Diocese of the Episcopal Church in the United States

The Episcopal Diocese of Los Angeles is a community of 48,874 Episcopalians in 133 congregations, 36 schools, and six service institutions, spanning all of Los Angeles, Orange, San Bernardino, Santa Barbara, and Ventura counties, and part of Riverside County making it one of the largest Episcopal dioceses in the United States by land area.

In 2024, the diocese reported average Sunday attendance (ASA) of 7,474 persons. No membership statistics were reported in 2024 parochial reports.

One of the U.S.-based Episcopal Church's 106 dioceses spanning 16 nations, the Diocese of Los Angeles was established in 1895 by vote of the General Convention of the national church. The diocese's first convention was held in 1896.

The diocese is led by its bishop, presently the Rt.
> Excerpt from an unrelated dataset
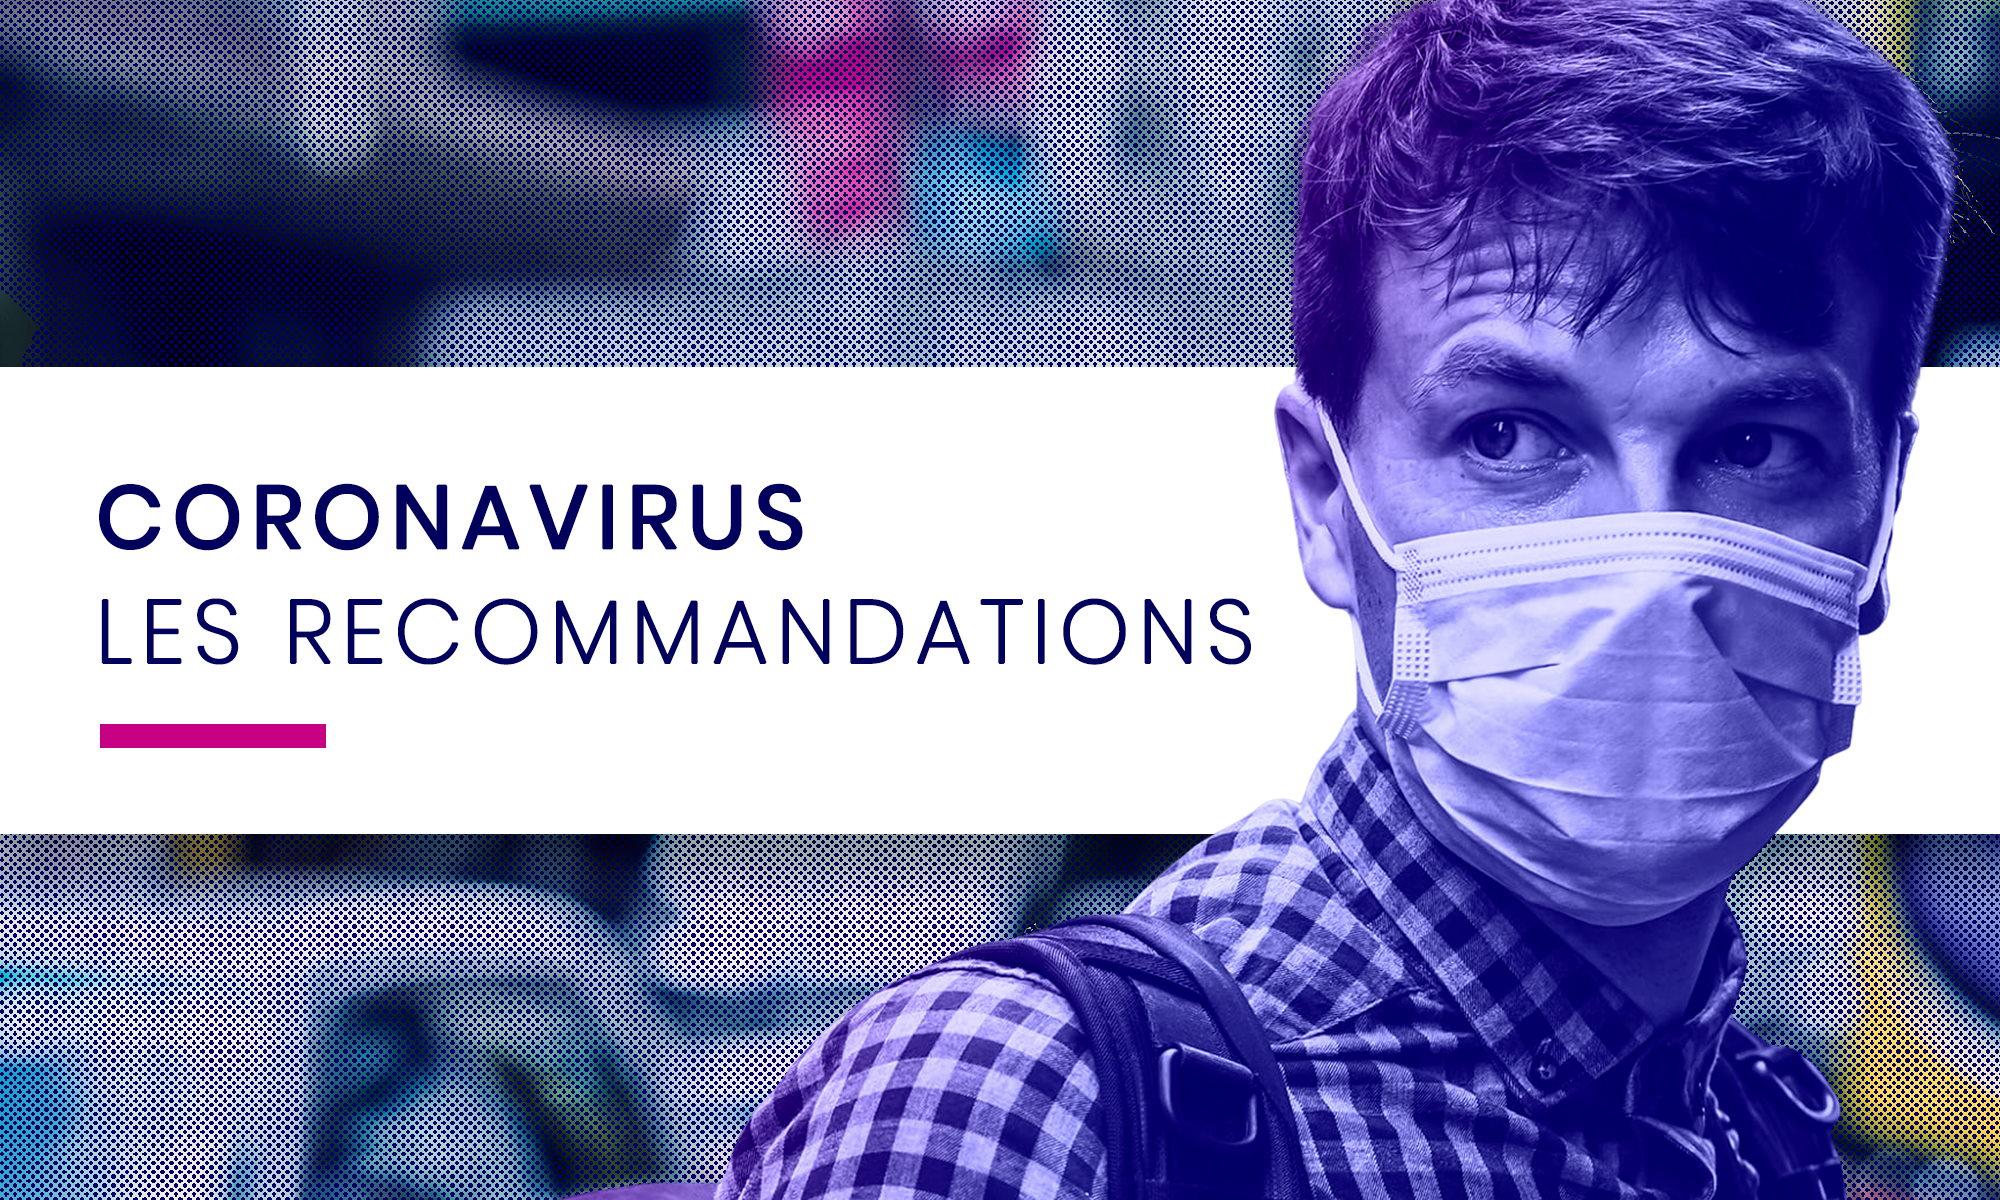 Coronavirus les recommandations - Concilio

Rev. Antonio Gallardo Lucena; its administrative hub is St. Paul's Commons, located in the Echo Park district of Los Angeles. St. John's Cathedral is the cathedral of the diocese and the center for major diocesan liturgical functions.

The common ministry of the diocese is guided by its convention, held annually (usually in Riverside County). Between annual meetings, the work of convention is overseen by the diocesan council, which meets usually each month at St. Paul's Commons.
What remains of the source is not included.